При всем разлете приключенческого духа даже в ранней новелле «Великодушный поклонник» отчетливо очерчен ренессансный идеал. При этом, когда отвага и великодушие Рикардо достигают предела возможного и идеал будто утвержден, Сервантес возносит проблематику на еще более высокую ступень. Мало того что герой готов великодушно отступиться от освобожденной им Леонисы и вернуть ее сопернику, он осознает, что распоряжение свободой любимой, даже великодушное, есть узурпация, и провозглашает принципиальную свободу воли женщины: «Леониса принадлежит сама себе…» Только на такой основе, бескомпромиссное утверждение которой было весьма смелым в Испании, может, согласно новелле, строиться подлинное счастье.
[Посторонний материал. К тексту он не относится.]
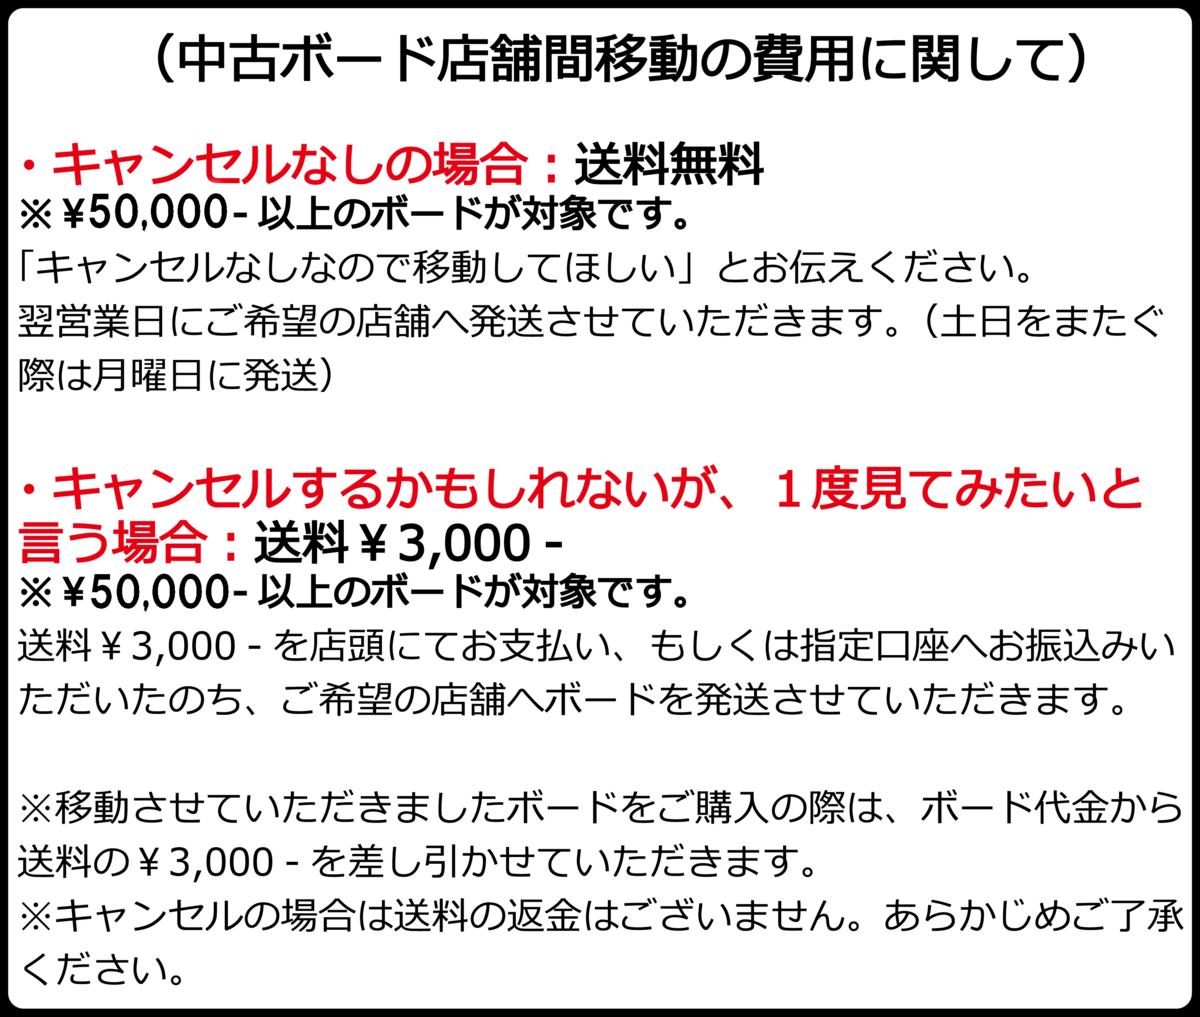 f:id:SEAKONG:20200531095353p:plain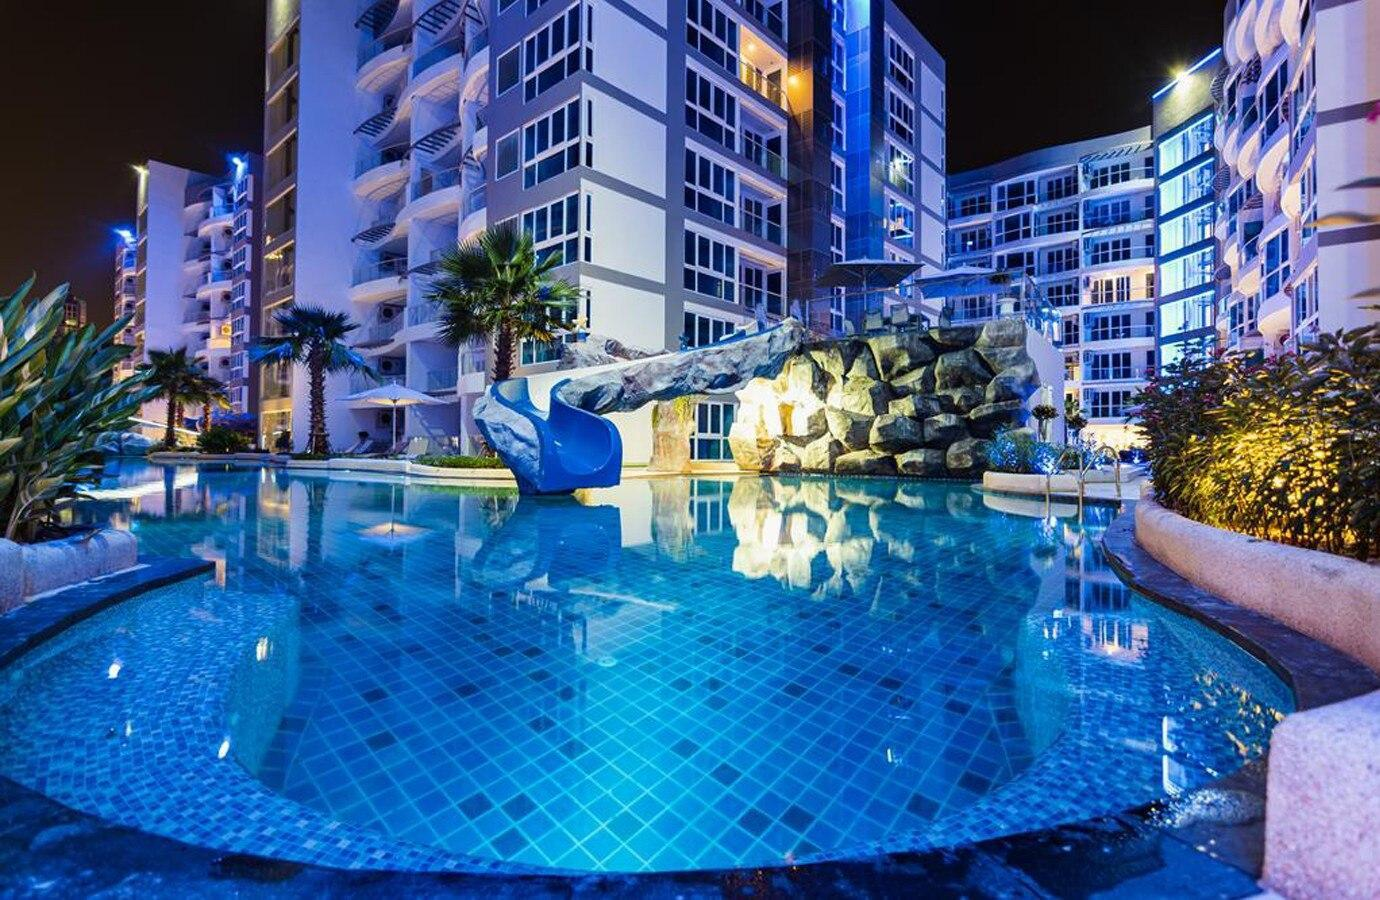 New room in Pattaya Grand Avenue apartment & pool อพาร์ตเมนต์ 1 ห้องนอน 1 ห้องน้ำส่วนตัว ขนาด 47 ตร.ม. – พัทยากลาง

В новеллах нравоописательно-бытовых Сервантес иным путем идет к гуманистическим обобщениям. В «Ревнивом эстрамадурце» правдиво обрисована трагедия неравного брака купли не только для жены-подростка, не успевшей до конца осознать свое несчастье, но и для богатого старика мужа, объективно превращающегося в тюремщика жены. Узнав об ее измене (в подцензурном тексте Сервантес был вынужден представить дело так, будто измена не совершилась), старик, после некоторых колебаний решившийся поступить человечно, все равно не выдерживает горя и умирает. Опыт, вынесенный из безрадостного брака, уродует на самой заре и жизнь молодой женщины, уже не способной воспользоваться относительно независимым положением богатой вдовы и уходящей в монастырь. Новелла как бы демонстрирует полную негативность отживших установлений официальной морали, ломающих счастье тех, кого само естество побуждает ей противиться, и не могущей обеспечить интересы тех, кто на нее опирается.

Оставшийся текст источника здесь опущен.